The human senses provide the information to the brain about the world around us. Deficits in visual, auditory or other sensory inputs have a major impact on quality of life, including education, employment and social engagement, which in turn places a major burden on the US economy. The scale of this problem is large: According to reports by the World Health Organization (WHO) and the National Institutes of Health, there are approximately 5 million Americans with vision impairment and around 36 million Americans with some form of hearing loss. There is broad recognition of the need for interdisciplinary collaboration for translational research on disabilities. Research into the development of more effective assistive technologies and environmental modifications requires interdisciplinary expertise that unites a fundamental understanding of the basic sensory science (vision, audition, motor control, speech and language) with deep technical expertise in engineering, computer science, and other related fields. This National Science Foundation Research Traineeship (NRT) award to the University of Minnesota will enable the formation of an integrated and interdisciplinary training program in sensory science through the joint strengths of the university's Center for Cognitive Sciences and Center for Applied and Translational Sensory Science. The program's goal is to prepare future scientists to combine engineering approaches with scientific knowledge and methods so that they are in a position to develop the next generation of sensory aids that will improve the quality of life for Americans with sensory loss. The program will serve students from computer science, engineering, kinesiology, psychology, and speech-language-hearing disciplines through courses, research opportunities, internships in the medical-devices industry, and public outreach activities. A total of 49 different PhD students will be enrolled in the program over the course of the 5 years, 18 of whom will receive NRT fellowships.

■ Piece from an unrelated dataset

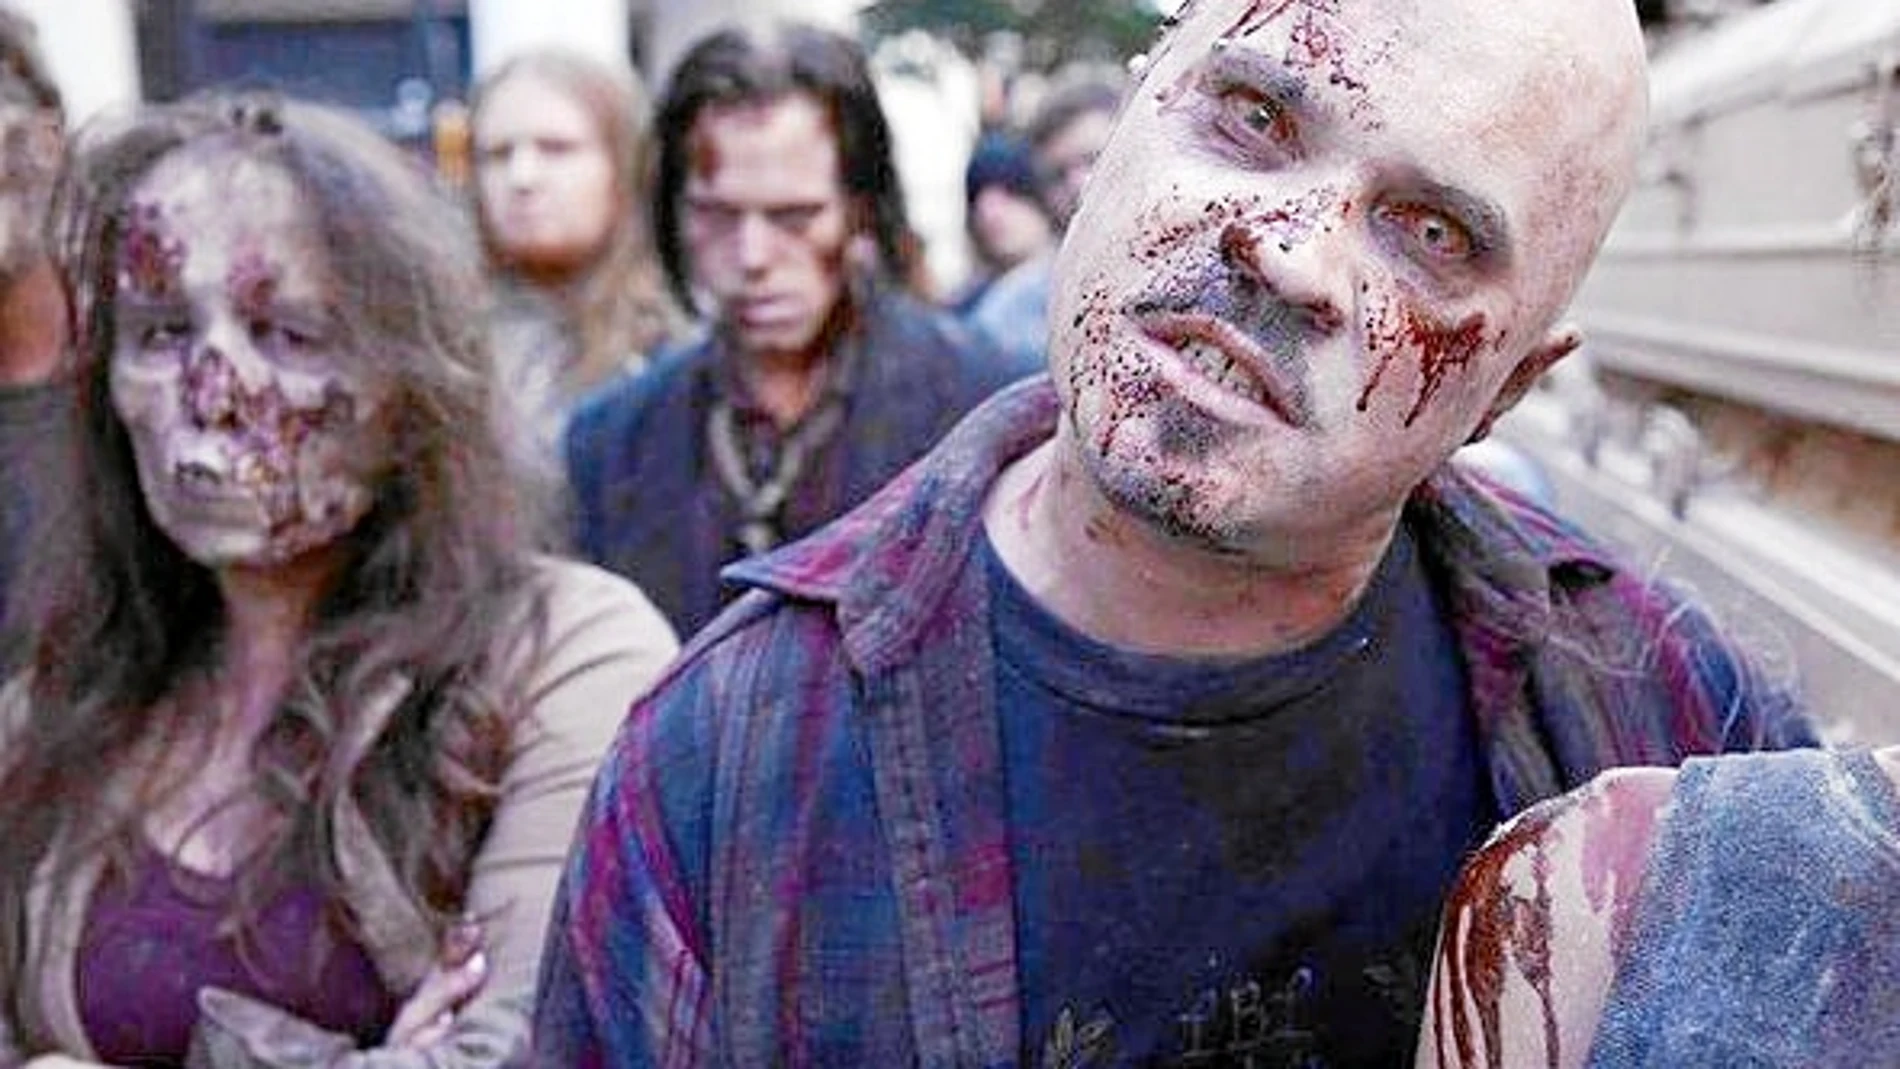 Fox emite ya la segunda temporada de la serie de éxito «The Walking Dead»

This project creates a new interdisciplinary graduate training program that encompasses the following key aims: 1. Establish an academic program in the form of a graduate minor through which students will receive the focused, multi-disciplinary educational background they will need to address critical challenges in the development of assistive technologies for sensory loss. 2. Advance interdisciplinary research in translational sensory science through the development of structural mechanisms that support the formation of interdisciplinary research teams. 3. Provide extra-curricular training and networking opportunities to the trainees through supplementary mechanisms, including weekly journal clubs, summer and winter workshops, spring and fall research symposia, and an annual fall retreat. Students will also participate in public engagement such as preparation of podcasts on research topics of interest to the stakeholders. 4. Provide practical career development opportunities through personalized contacts with local and national companies. Many trainees will eventually seek employment in industry, and those who continue in academia should seek to engage in collaborative work with industry partners. In an effort to provide students with real-world experience that can inform their research and post-graduation career choices, the program will offer the trainees 8-10 week summer internship opportunities in industry-based applied research.

The NSF Research Traineeship (NRT) Program is designed to encourage the development and implementation of bold, new potentially transformative models for STEM graduate education training. The Traineeship Track is dedicated to effective training of STEM graduate students in high priority interdisciplinary research areas, through comprehensive traineeship models that are innovative, evidence-based, and aligned with changing workforce and research needs.